=== Stored data ===

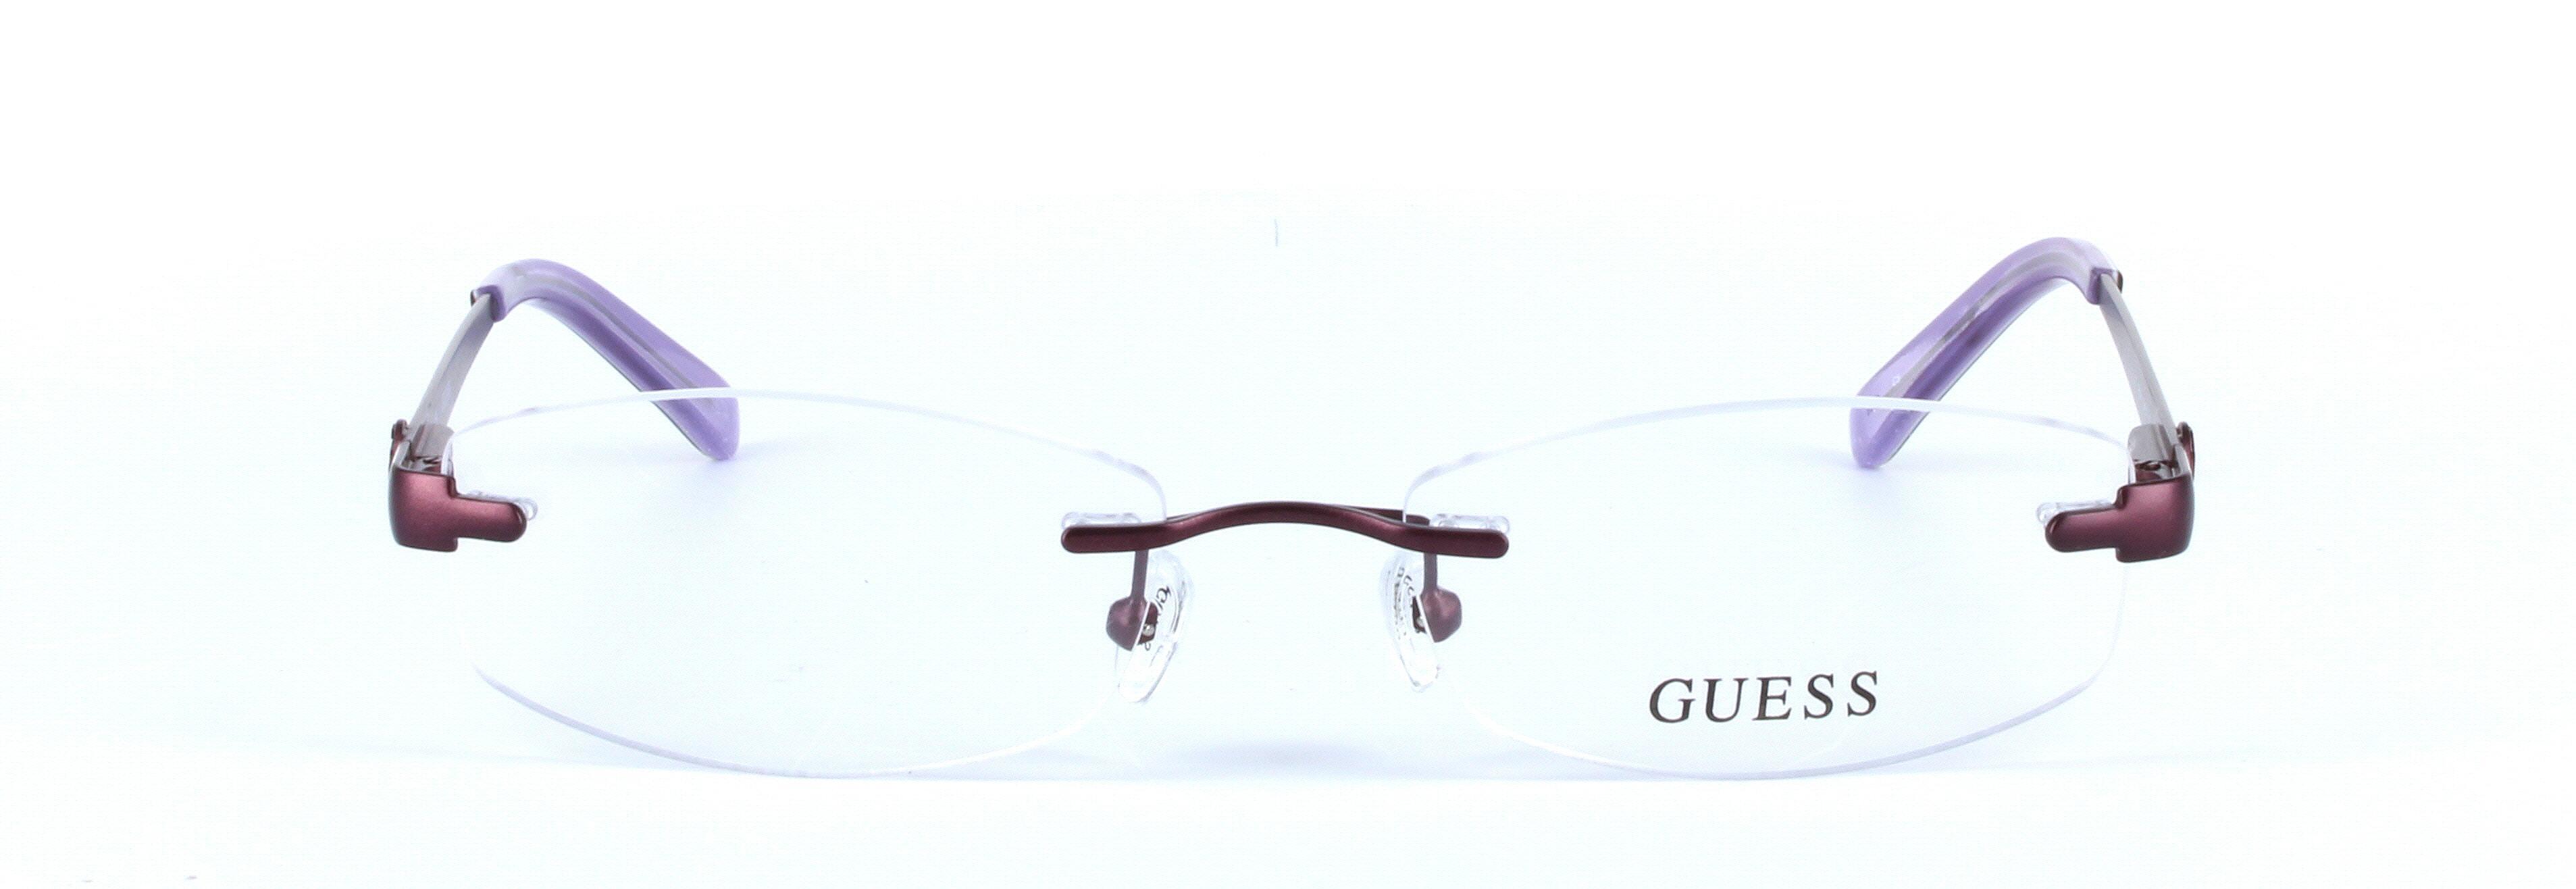 GUESS (GU2337-PUR) Purple Rimless Oval Rectangular Metal Glasses - Image View 5
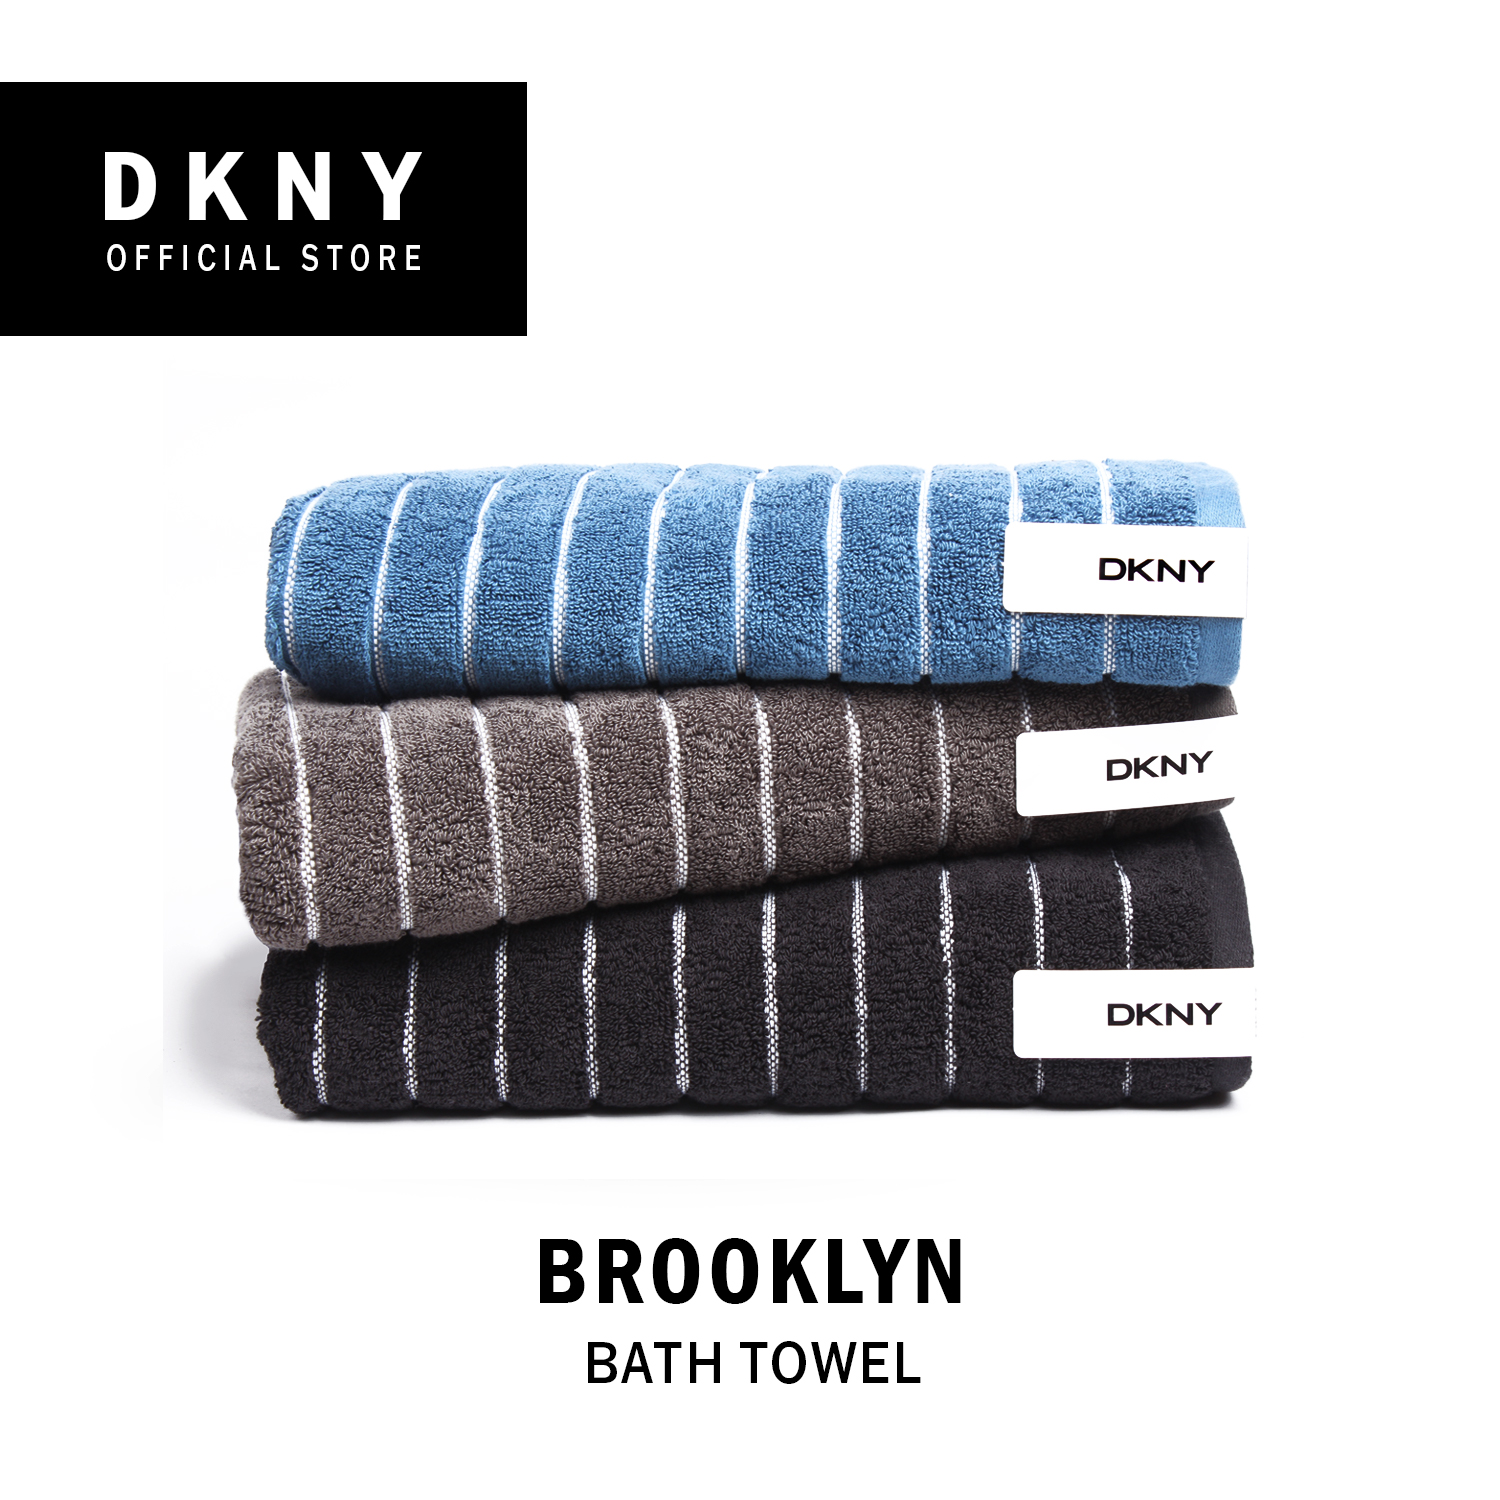 DKNY Bath Towels
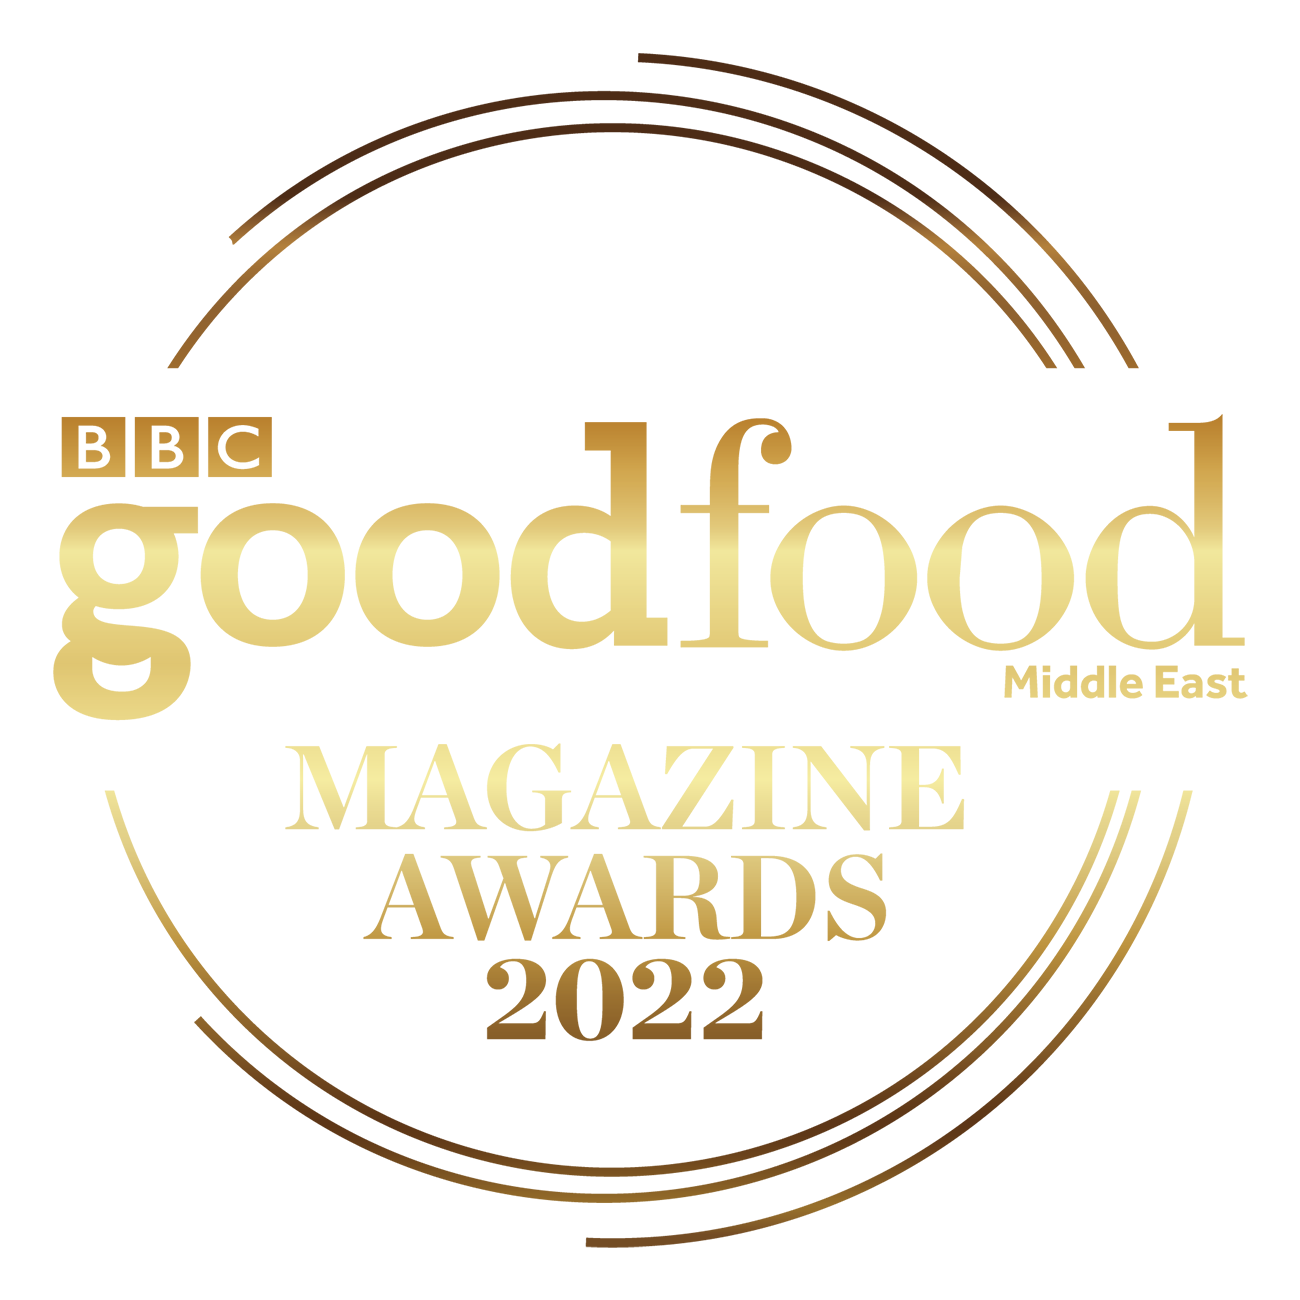 The BBC Good Food Middle East Magazine Awards 2022

===

Exercise goal -> Once more, please print the whole listing exactly, omitting each image.

Solution to this exercise ->
 GUESS (GU2337-PUR) Purple Rimless Oval Rectangular Metal Glasses - Image View 5
 DKNY Bath Towels
 The BBC Good Food Middle East Magazine Awards 2022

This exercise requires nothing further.